When searching for the proverbial needle in the haystack, Rivela’s technology both reduces the size of the ‘haystack’ and uses a ‘biological magnet’ to specifically find the ‘cancer needle’.
This combined approach delivers the best clinical performance without the need for expensive and complex Next-Generation Sequencing laboratories.
Step 1 – Start with the Best Sample
We start with optimized, proprietary methods to efficiently separate the plasma fraction of the blood sample that contains exosomes.
This step ensures sample-to-sample reproducibility and exosome integrity and also enables sensitive downstream analysis by reducing blood components that may interfere with the test.
Step 2 – Make the Search Easier
We then specifically enrich for tumour-derived exosomes resulting in a cleaner, concentrated sample, less prone to interference from other blood constituents. This enrichment, which is not feasible in other liquid biopsy approaches, ensures that the downstream analytical testing can be achieved using standard laboratory immunoassay and qPCR equipment and processes.

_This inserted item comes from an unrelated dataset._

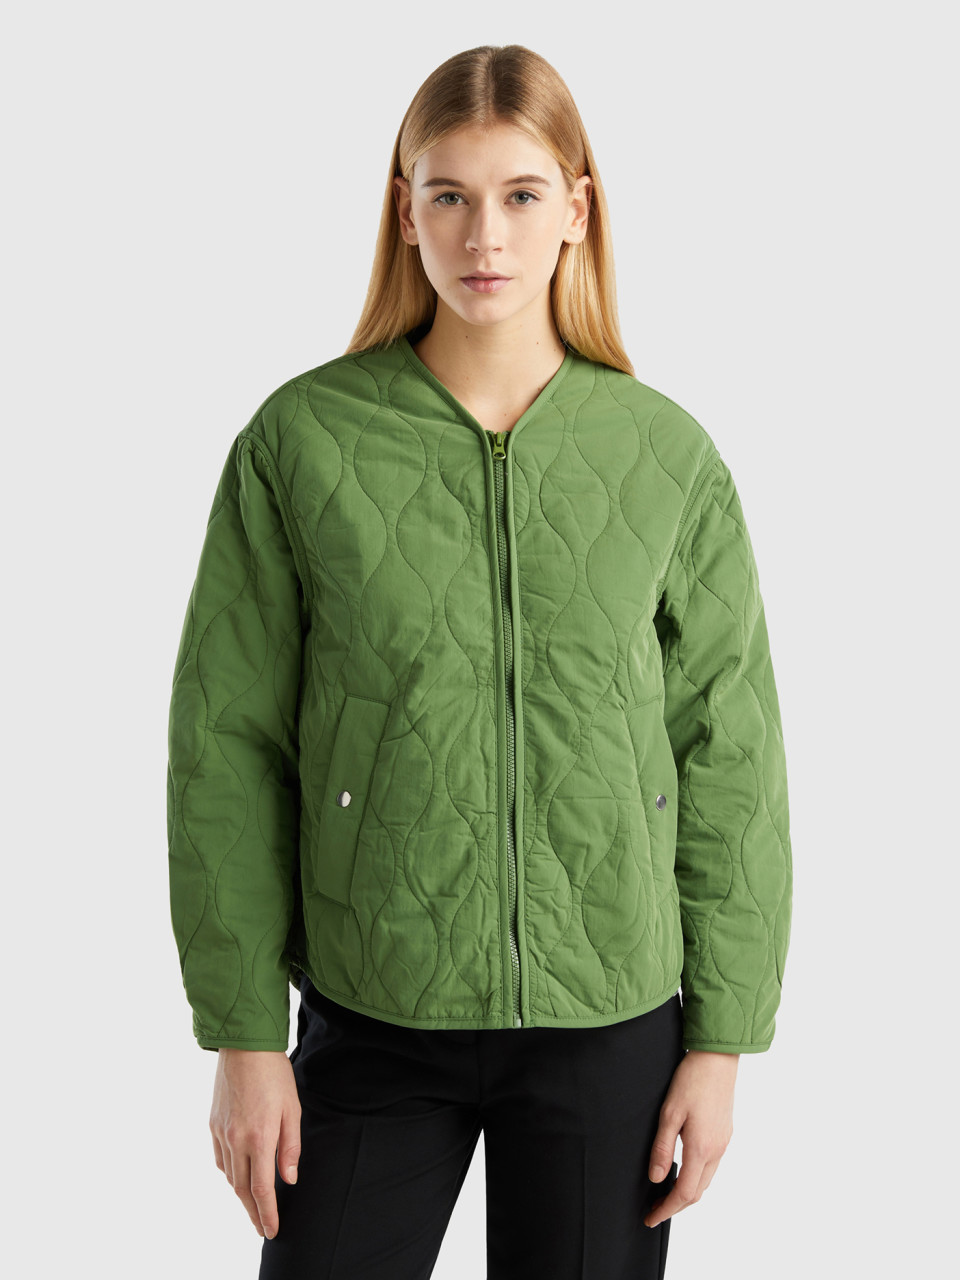 Benetton, Recycled Nylon Padded Jacket, Military Green, Women

Step 3 – Measure the Right Thing
Rivela then analyses the enriched sample using proprietary markers that are indicative of ALL cancers, based on well-defined ‘hallmarks of cancer’ – biological changes that all cells undergo to become cancerous. This analysis uses both molecular and proteomics signatures, increasing the performance of the final result
How Rivela's approach to multi-cancer screening is positioned vs competitors
Since the initial concept of liquid biopsy as an alternative, non-invasive replacement for traditional tissue biopsy was proposed, the leading approaches to early tumour detection via liquid biopsy have been based on the analysis of circulating tumor DNA (ctDNA)
Rivela’s focus on using exosomes as the vehicles for universal cancer biomarkers significantly out-performs these approaches because,
1. Exosomes are produced and detectable at the earliest stages of tumor establishment, unlike ctDNA
2. Tumor-derived exosomes can be enriched, thereby reducing the considerable analytical sensitivity challenge faced by ctDNA methods
3. Exosomes carry different classes of analyte – nucleic acid, proteins, small molecular metabolites – permitting a broad spectrum diagnostic approach to identifying cancer compared to a reliance on nucleic acids only
These features lead to superior clinical performance compared to ctDNA-based competitors.